Date/Time: Wed Mar 13 17:57:57 CDT 2013
Contact: richard.wordingham@ntlworld.com
Name: Richard Wordingham
Report Type: Public Review Issue
Opt Subject: PRI 235 - UTS#10 (for Unicode 6.3.0)
These comments are made on Draft 4 of Version 6.3.0. 1) There is no upper bound on the values of weights in a collation element table. Formerly (Version 6.1.0) it was FFFF, though this was breached by the now discarded fourth weight in DUCET. Consequently, the following changes are needed: a) In Section 3.6 'Variable Weighting', it should be noted that FFFF denotes an arbitrarily selected value greater than the primary weight of any variable collation element. b) In Section 6.1.2 'L2/L3 in 8 bits', there should be a note that the same number of bytes should be used for each L1 weight. c) In Section 6.2 'Large Weight Values', the starting premise is no longer necessarily true. The opening sentence could be reworded to: 'Some old implementations may not support more than 65,5345 weight values (or 65,024 values where zero bytes are avoided. A need for more weight values can still be accommodated...' The example from DUCET may need to be reworded if the suggestion in point (e) is taken up. d) In 6.4 'Avoiding Zero Bytes' it should be noted that analogous preprocessing is available for weight ranges larger than 16 bits. The following opportunities present themselves: e) Implicit weights (Section 7.1.3) no longer need to be generated as two elements. With suitably revised values of WEIGHT, a single primary weight of BASE + CP could be chosen instead. f) The principal of a fixed range for trailing weights (Section 7.1.4) makes no sense if there are no bounds on primary weights. Indeed, it makes sense for the implicit weights, trailing weights and weights reserved for special collation elements to be aspects of the collation element, especially if 2nd level order and variable weighting are part of the collation element table. 2) There are a few faults in the code example in Section 6.10: a) The code assumes that primary values FFE0..FFFF are not allowed. However, U+FFFD has primary weight FFFD and the CLDR assigns primary weight FFFF to U+FFFF. b) Variable weights have an upper and a lower limit, not just an upper limit.

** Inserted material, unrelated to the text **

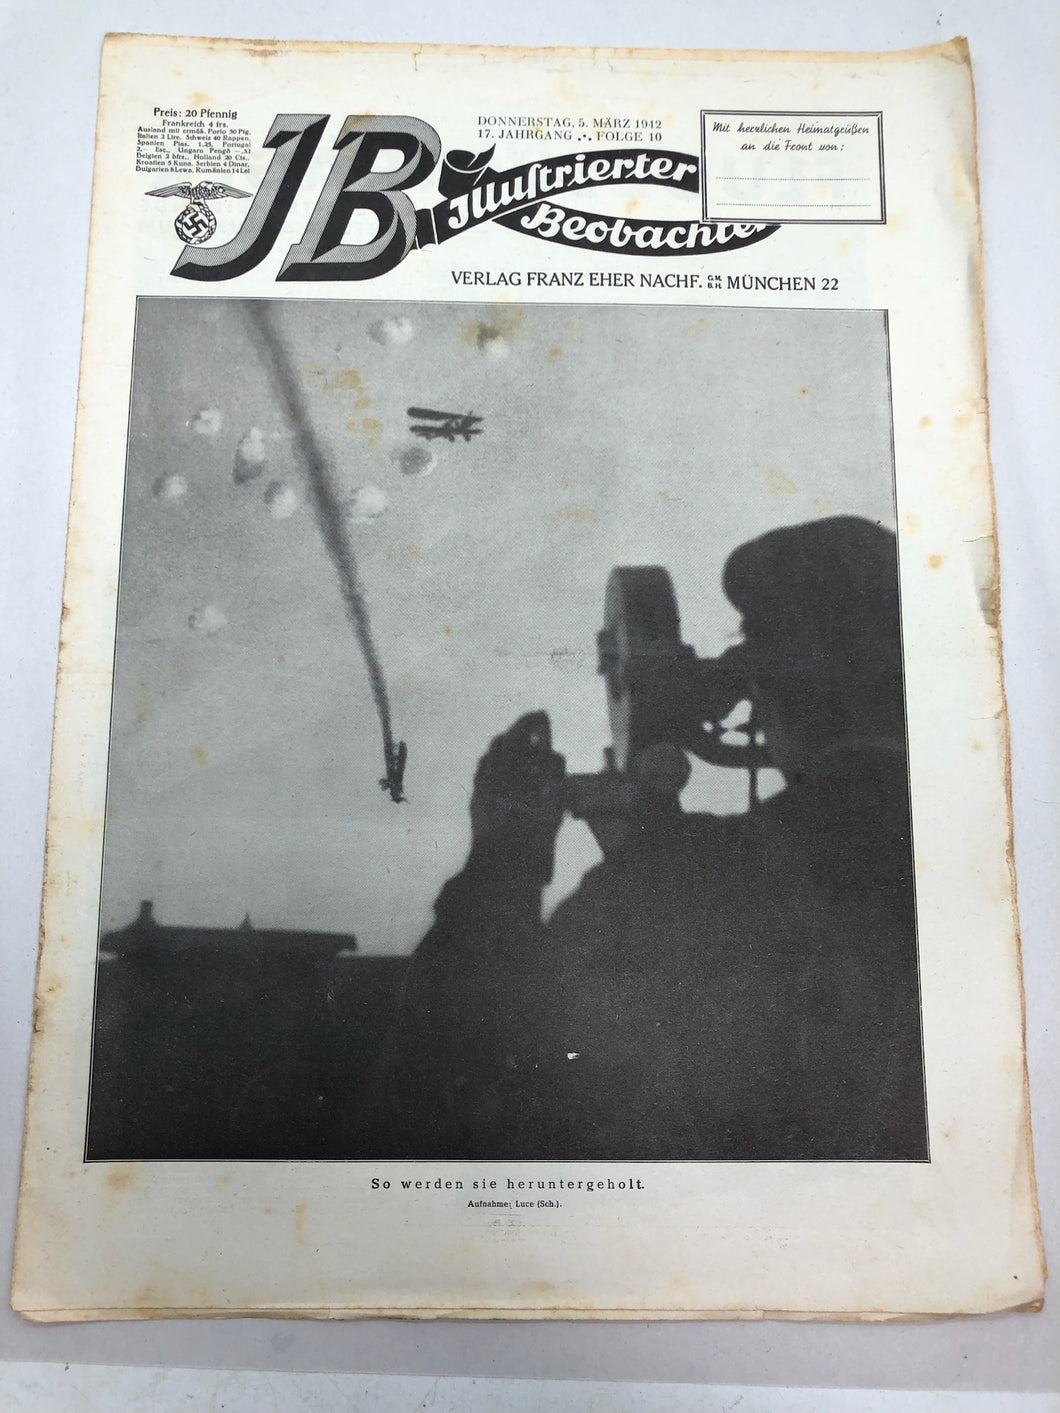 JB Juustrierter Beobachter NSDAP Magazine Original WW2 German - 5 March 1942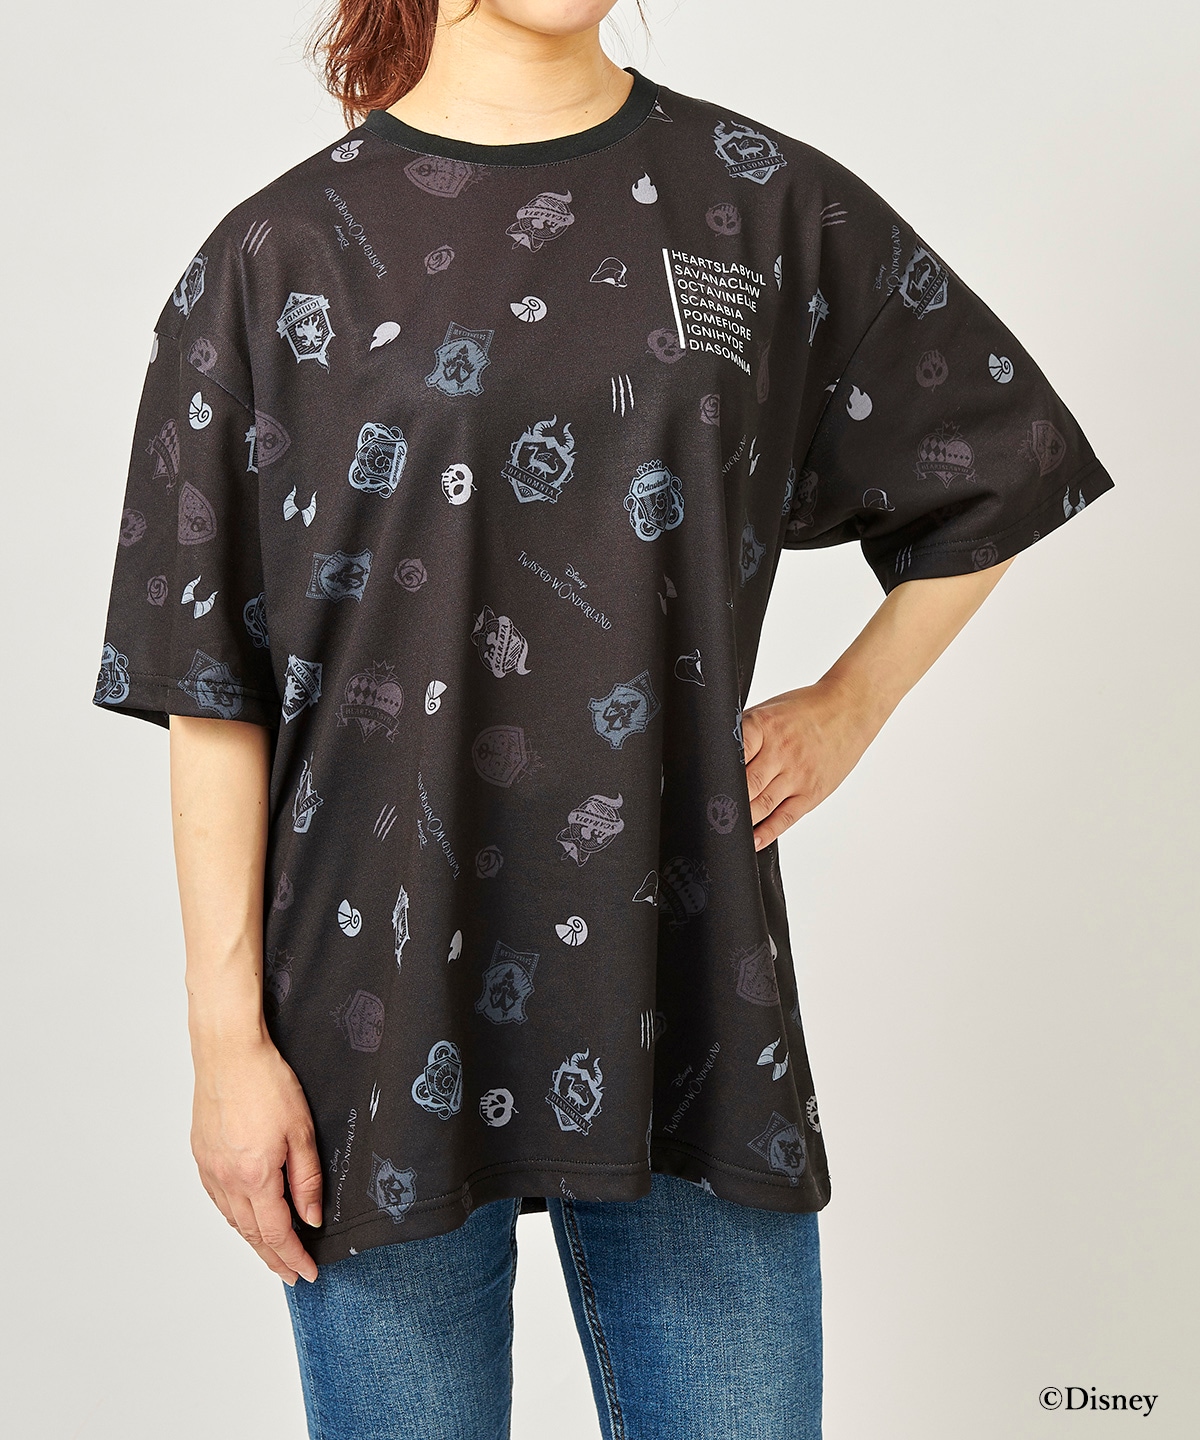 『ディズニー ツイステッドワンダーランド』バッグコレクション オリジナルデザインT シャツ

Date/Time: Wed Mar 13 18:06:54 CDT 2013
Contact: richard.wordingham@ntlworld.com
Name: Richard Wordingham
Report Type: Error Report
Opt Subject: UTS#10 - Error in 'Escape Hatch'
The fault reported below has been present in the UCA since at least Version 6.1.0. The section entitled 'Escape Hatch' suggests one can encode a large number of secondary differences by varying z and n in 2-element collation keys of the form [.yyyy.00zz.00ww] [.0000.00nn.0001] However, the relative orderings of single collating elements would not be stable if the French accents (= level 2 ordering) setting were toggled. To provide stability, it is necessary to use a palindromic 3-element collation key of the form [.yyyy.00zz.00ww] [.0000.00nn.0001] [.0000.00zz.0001]
Date/Time: Sat Mar 16 07:51:47 CDT 2013
Contact: richard.wordingham@ntlworld.com
Name: Richard Wordingham
Report Type: Error Report
Opt Subject: UCA (UTS#10) Conformance Requirements
The definition of the 'standard UCA parametric tailoring' is subcontracted to the LDML specification (UTS#35). An implementation claiming conformance to it should therefore specify the relevant version numbers – LDML and possibly CLDR for data held in FractionalUCA.txt, which is no longer identified by UCA version. For example, there is a proposal to change the meaning of the variableTop parameter (http://unicode.org/cldr/trac/ticket/5016 Comment 8), and I believe it will be accepted. I'm not sure whether this belongs in Requirement C4 or C6. The standard UCA parametric tailoring parameter 'reorder' is in general undefined – see last paragraph of http://unicode.org/repos/cldr/trunk/specs/ldml/tr35-collation.html Section 3.12 or, for the latest released version, Section 5.14.12 of UTS#35 Version 22.1. The text of the LDML specification says, 'The reordering groups for the DUCET are not specified here'. For the LDML, this has also been raised as http://unicode.org/cldr/trac/ticket/5813 .